Coming out of one of the worst summers for room air conditioners in years, members of the NECO Alliance, who gathered at Foxwoods resort, here, for the buying group’s annual Fall Expo convention and buying show, said they are weathering the storm and will turn the tide to their advantage.

Jay Lebowitz, president of Intercounty, based in Commack, N.Y., one of a handful of chapters that comprise the consortium of independent Northeast brown- and white-goods dealers, said “It was one of the worst years in air conditioning. A good year is 85 percent to 90 percent sell-through, a medium year is 70 percent to 75 percent, and this year, the sellthrough was 40 percent to 50 percent.”

Lebowitz said many members have arranged with suppliers for credit on unsold air conditioners or refinancing. “It’s the lost cash flow that hurts,” he explained, adding that one of the main challenges in room air conditioning this year was not only the cool weather and lower prices but distribution. “Five-thousand-Btu units were stacked up at A&P, in lumberyards and even in Pep Boys,” he noted. “Pep Boys is even trying to get into LCDs.”

Despite the poor AC season, members said the group’s comparable sales were up by single digits for the year overall. If not for room air conditioning, they said, sales would have been up by double digits.

NECO hopes to recoup lost profits by focusing heavily on television, a category they say they let slip under the radar, essentially giving that business up to “big box retailers.”

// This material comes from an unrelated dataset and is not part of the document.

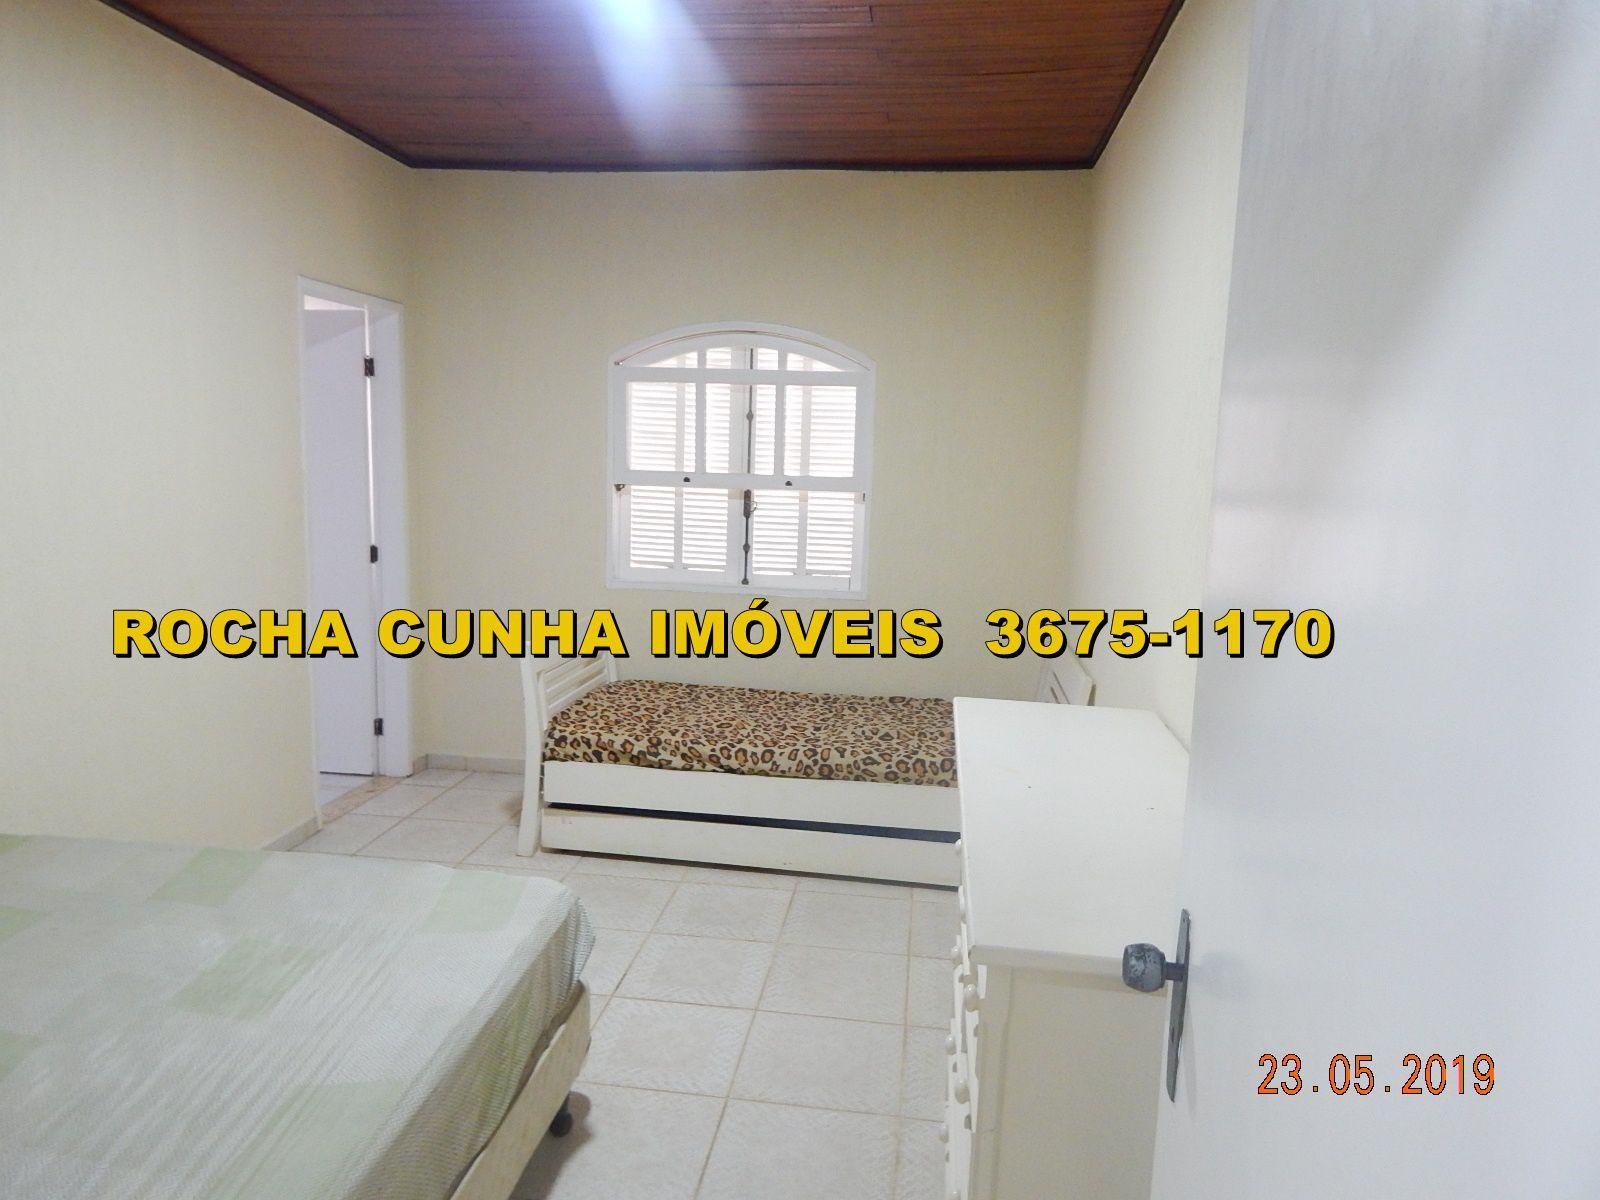 Chácara à venda Santana de Parnaíba,SP - R$ 780.000 - CHACARA0010 - 21

Explained Vinnie Capuano, president of the DMI group in Brooklyn, N.Y., the big box retailers were discounting 13-inch, 20-inch and 27-inch direct-view TVs so heavily that NECO focused its attention elsewhere. “It slipped away from us,” Capuano said. “Now, we’re coming back and I think we’ll do a fabulous job. It’s what we do best.”

Members plan to advertise and prominently display big-screen TV. NECO hopes the emphasis on high-end displays will reap additional benefits through adjunct sales of home-theater furniture such as recliners and TV stands. Lebowitz said he expects shortages in LCD and DLP to again vex the industry, as it did last year, but he says suppliers have promised that retailers will at least get their initial orders. At the same time, “We have to do a better job of forecasting,” he conceded.

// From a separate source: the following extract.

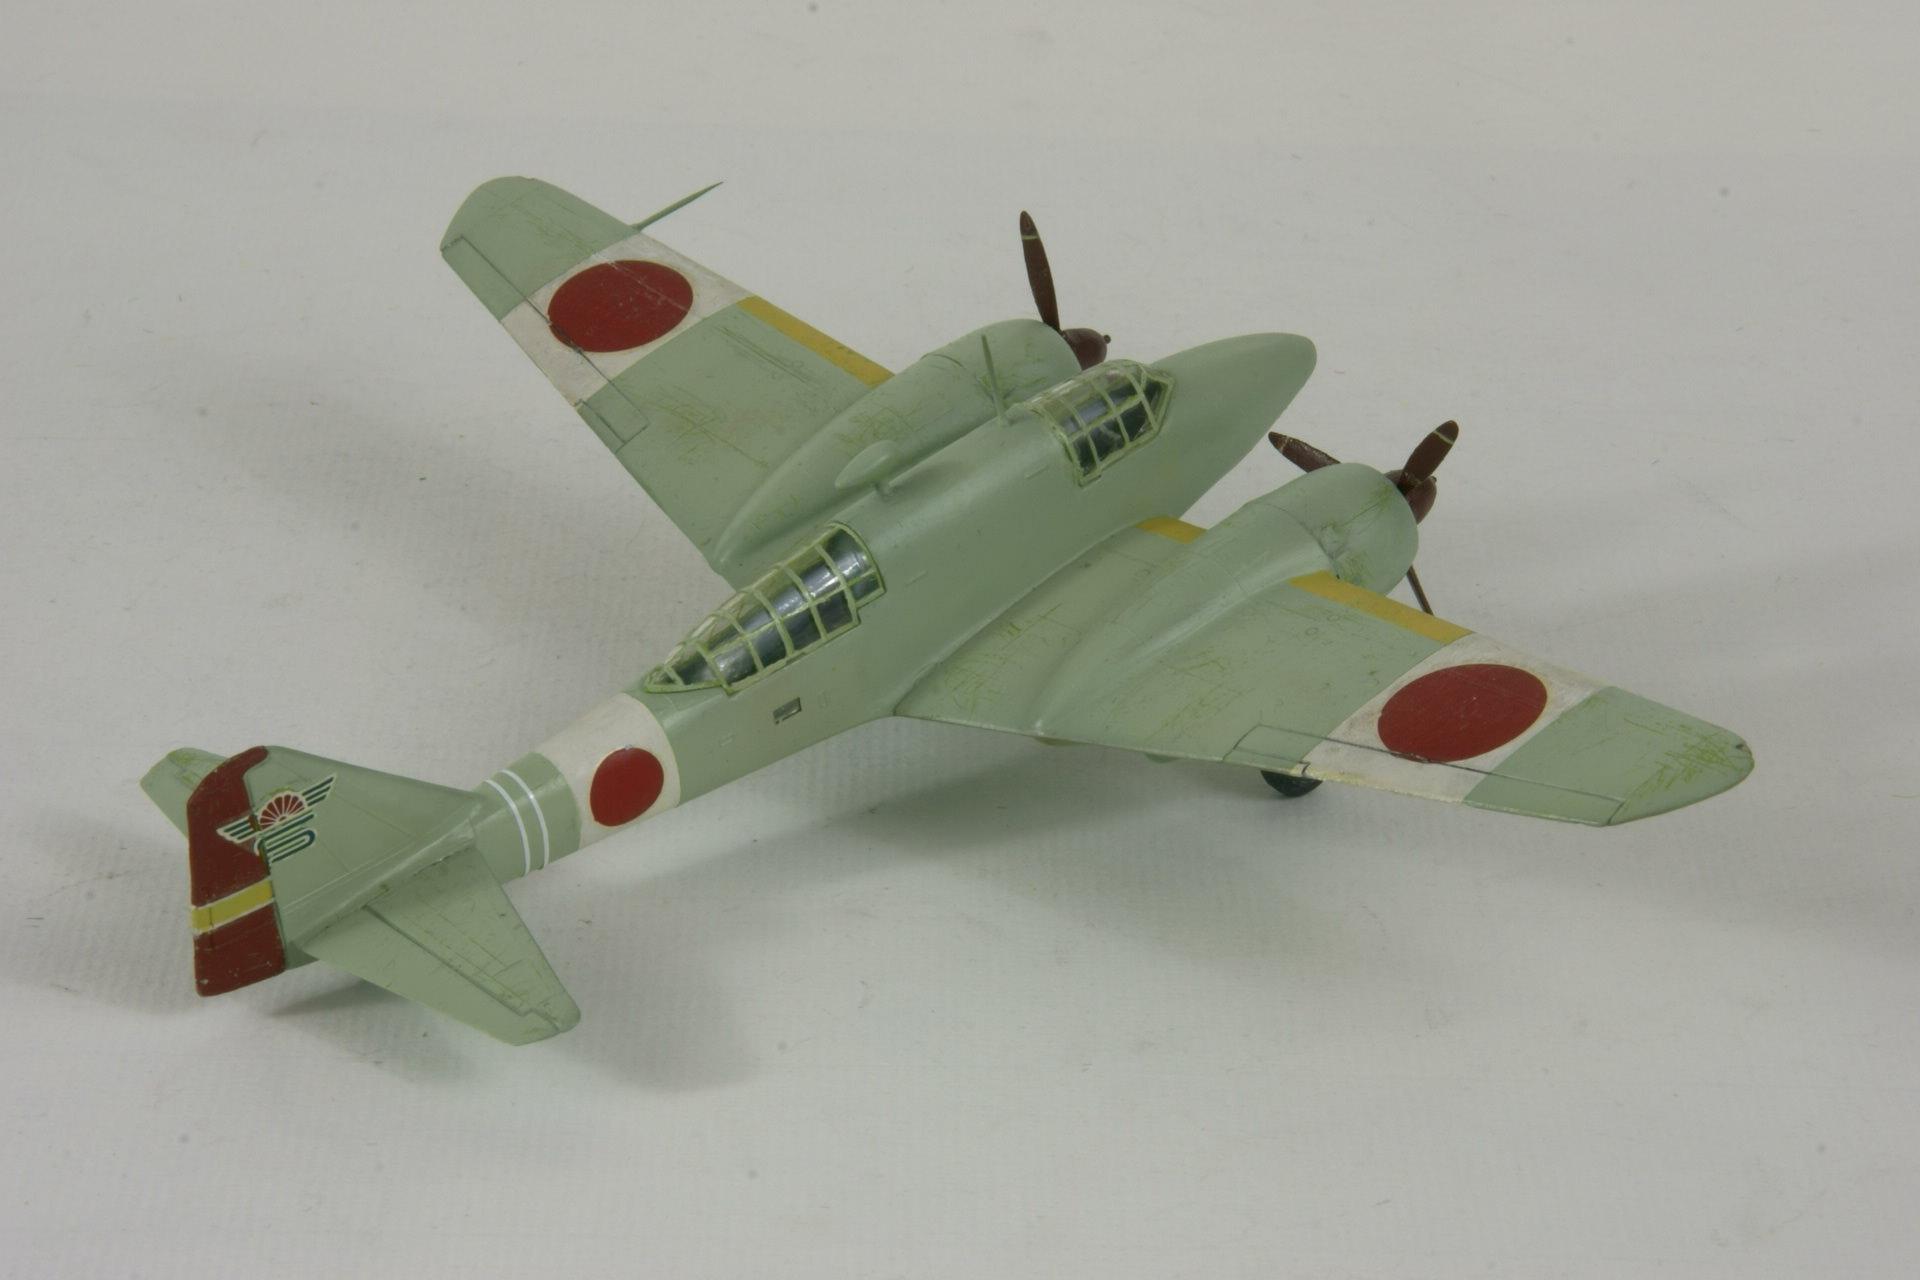 Mitsubishi ki 46 ii dinah 2 2

At present, the Alliance has no plans to expand its majap matrix, although NECO is looking into adding new alternative white-goods lines, such as those by Samsung and LG. The Alliance is also considering direct sourcing NECO-branded major appliances and electronics in the future, members said.

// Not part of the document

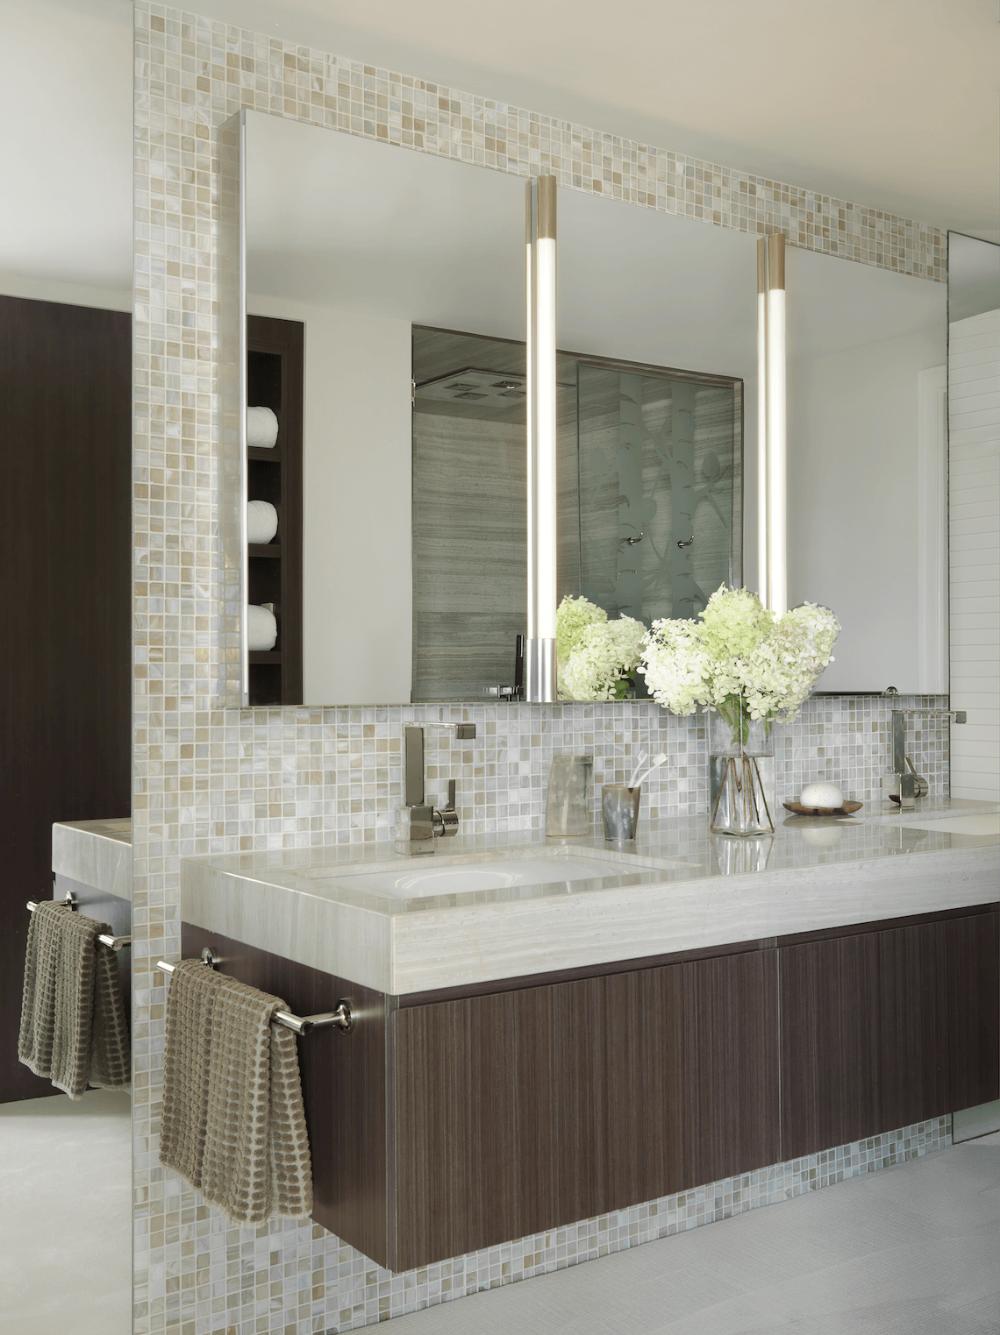 50 bathroom vanity ideas ingeniously prettify you and

Keeping dealers afloat this year was the continued rise in home remodeling and new housing starts, which drive the appliance market, members said. Some are also experimenting for the first time with merchandising snow blowers and bedding.

Overall, NECO said the six-year-old organization, itself a division of the $8 billion Nationwide Marketing Group, is stronger than ever, with double-digit growth expected in 2005. The Alliance, which has its own warehouses, says warehouse space is now over 1 million square feet, with individual member groups increasing space by up to 40 percent this year.

“We’re more cohesive than other groups. We have dealers making 30 percent to 40 percent mark-ups where before they made 10 to 15 percent. So we have the ear of our members. We continue to prove to manufacturers that we can do for them what a big box retailer can do. We give them 500 dealers in the Northeast that are knowledgeable about the product and how to display it,” Lebowitz added.